DATA SHOWN =>
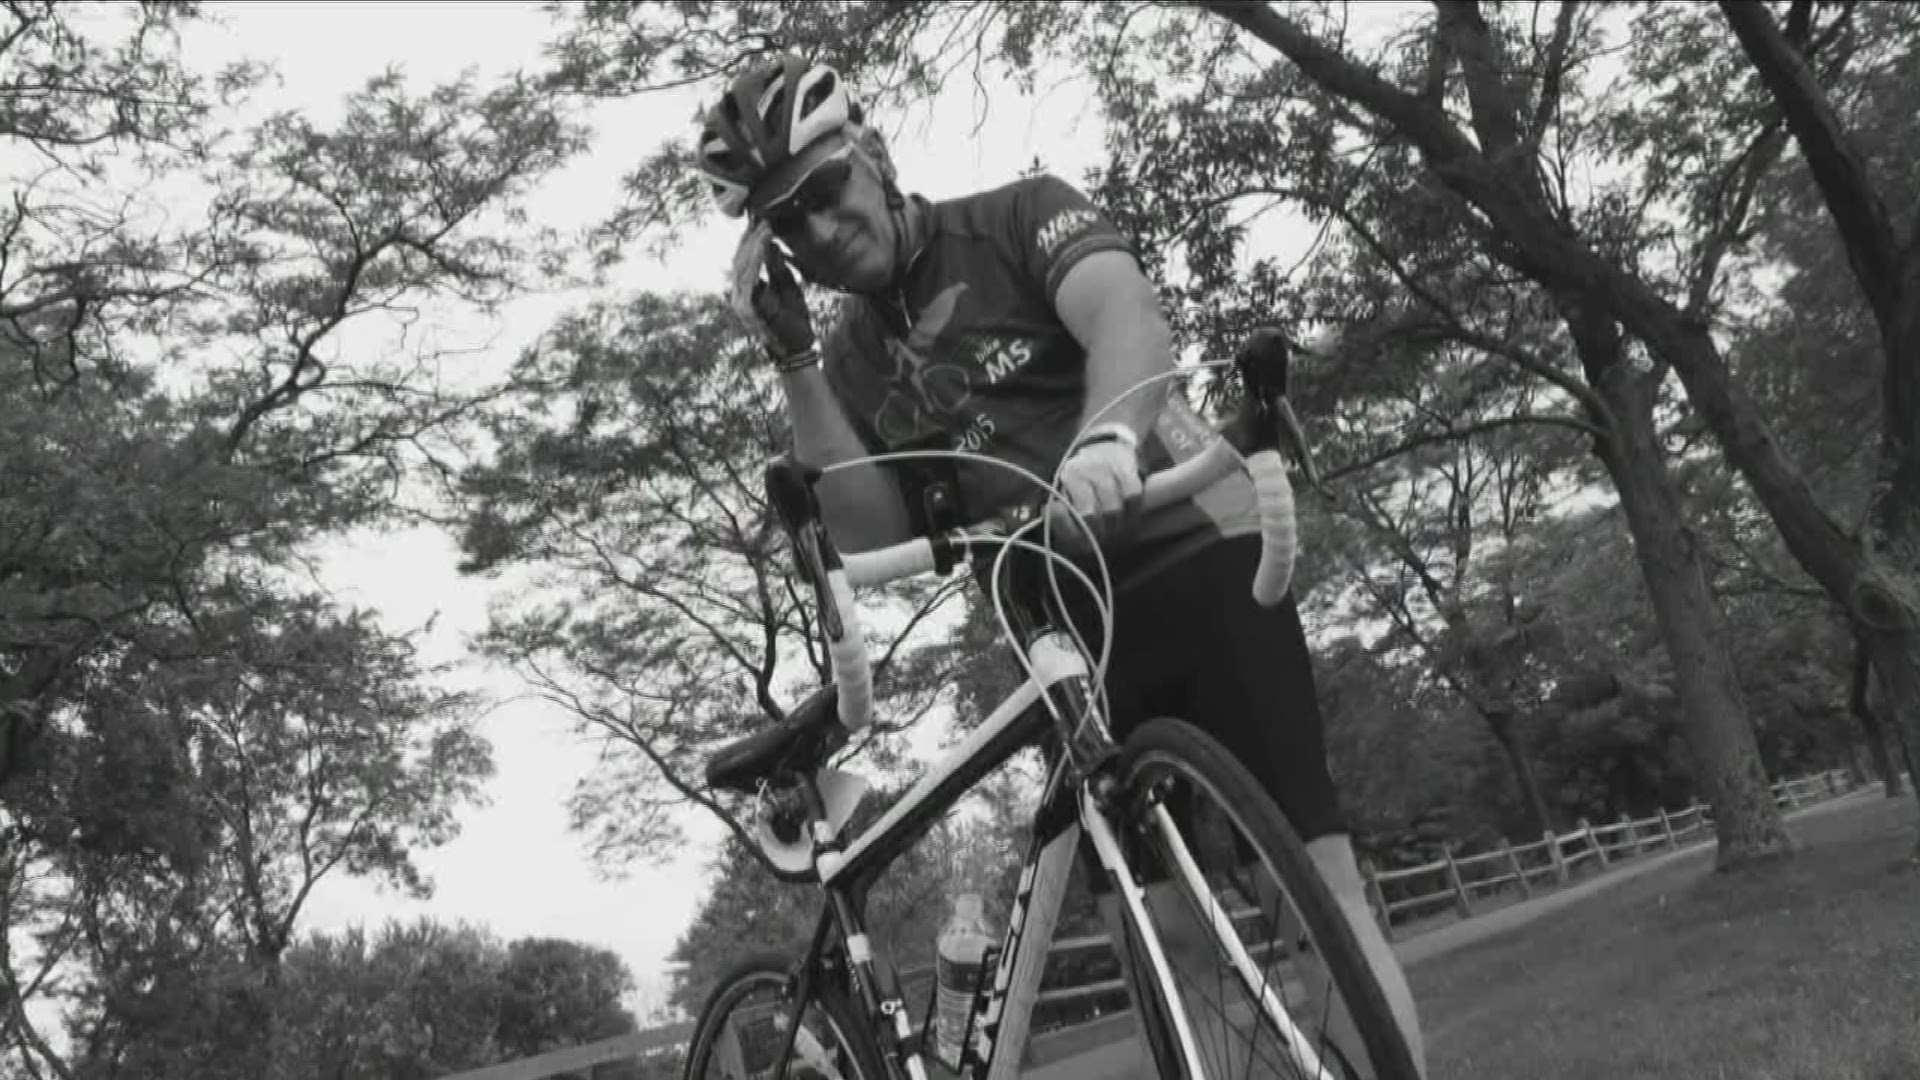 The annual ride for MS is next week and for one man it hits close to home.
--
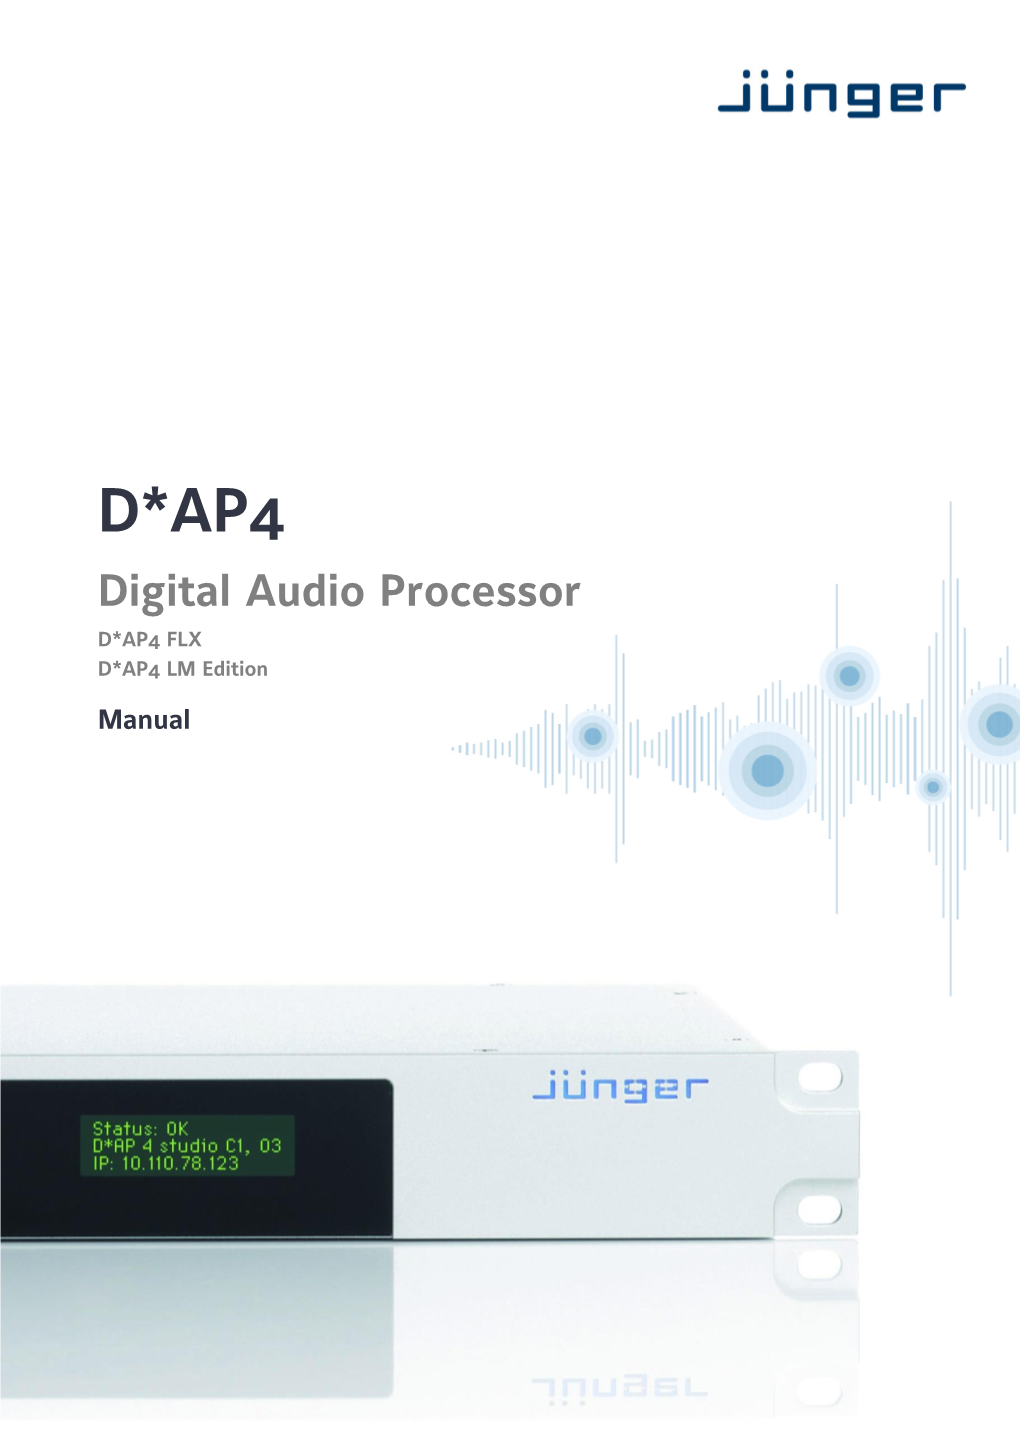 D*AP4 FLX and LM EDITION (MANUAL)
--
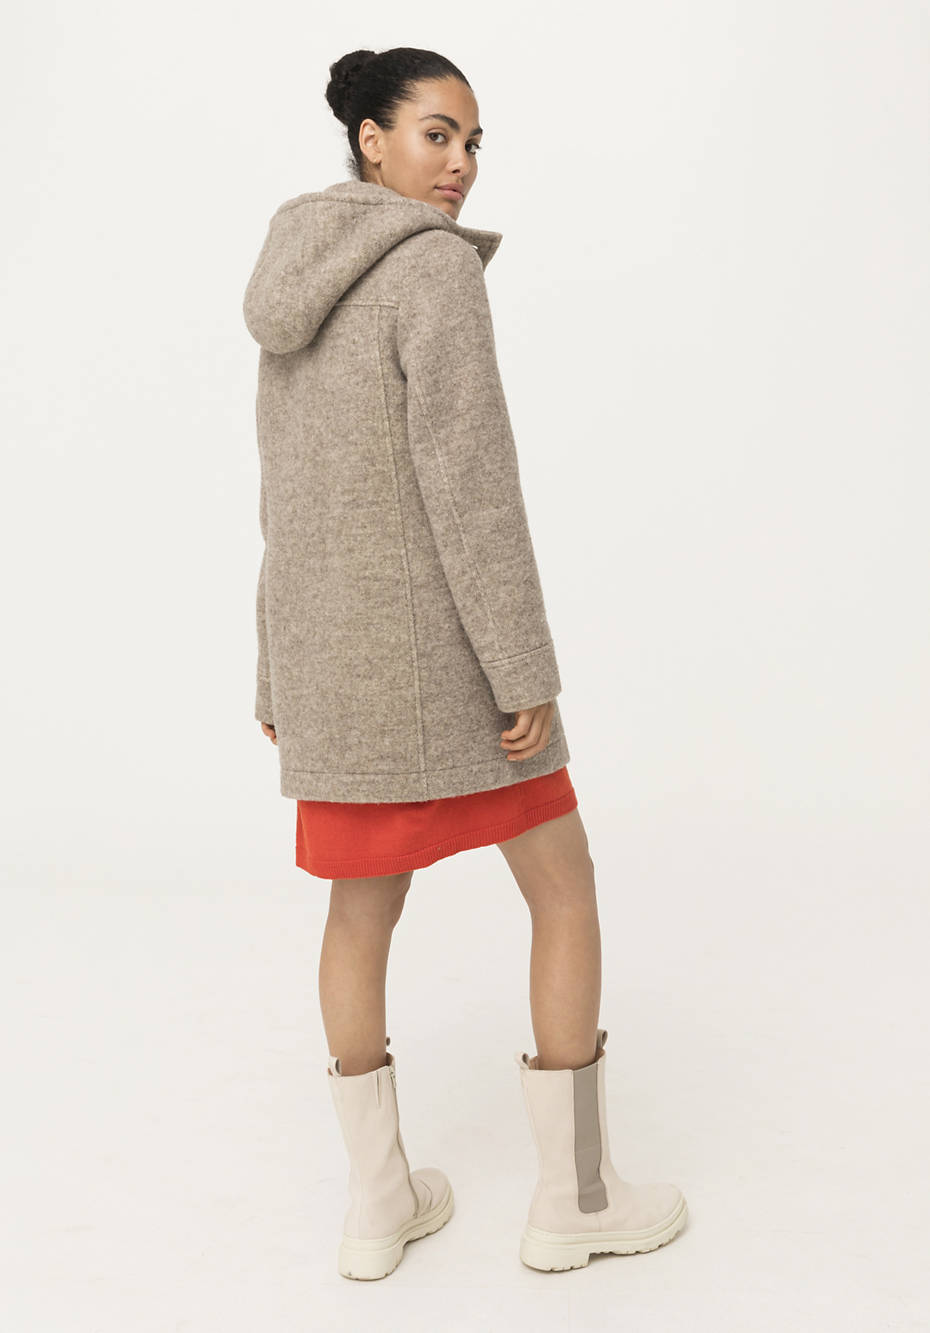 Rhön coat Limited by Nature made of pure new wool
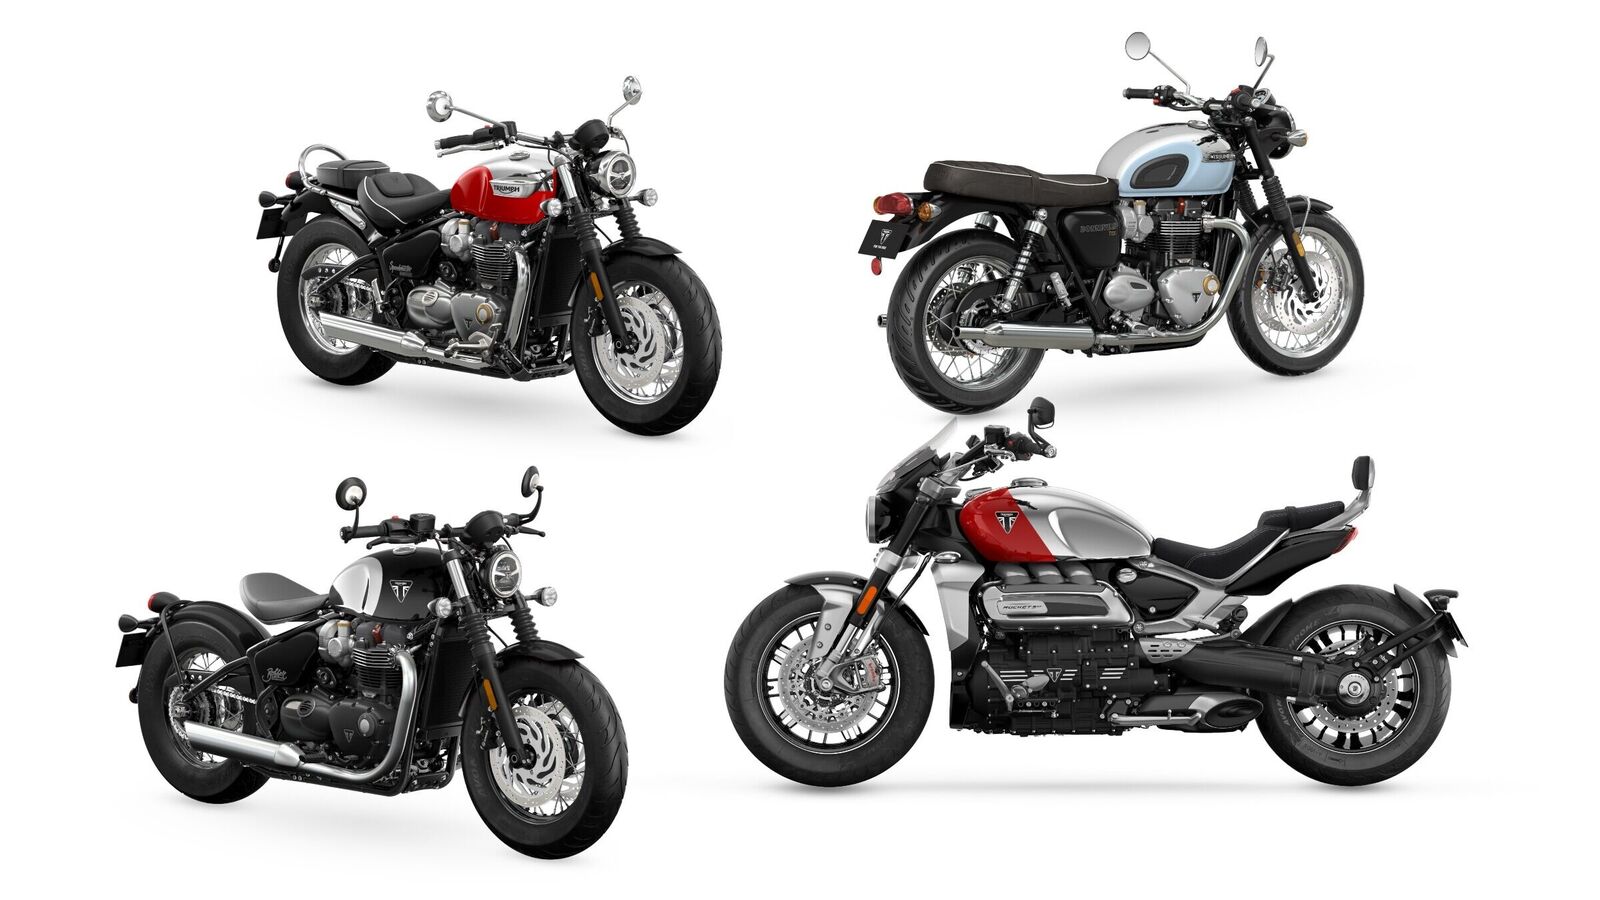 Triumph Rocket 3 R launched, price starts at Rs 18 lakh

THE PROBLEM => Your answer should be the lines above, word for word, from the line with "Rhön coat Limited" through the line with "Triumph Rocket 3", minus the pictures.

COMPLETED EXERCISE =>
 Rhön coat Limited by Nature made of pure new wool
 Triumph Rocket 3 R launched, price starts at Rs 18 lakh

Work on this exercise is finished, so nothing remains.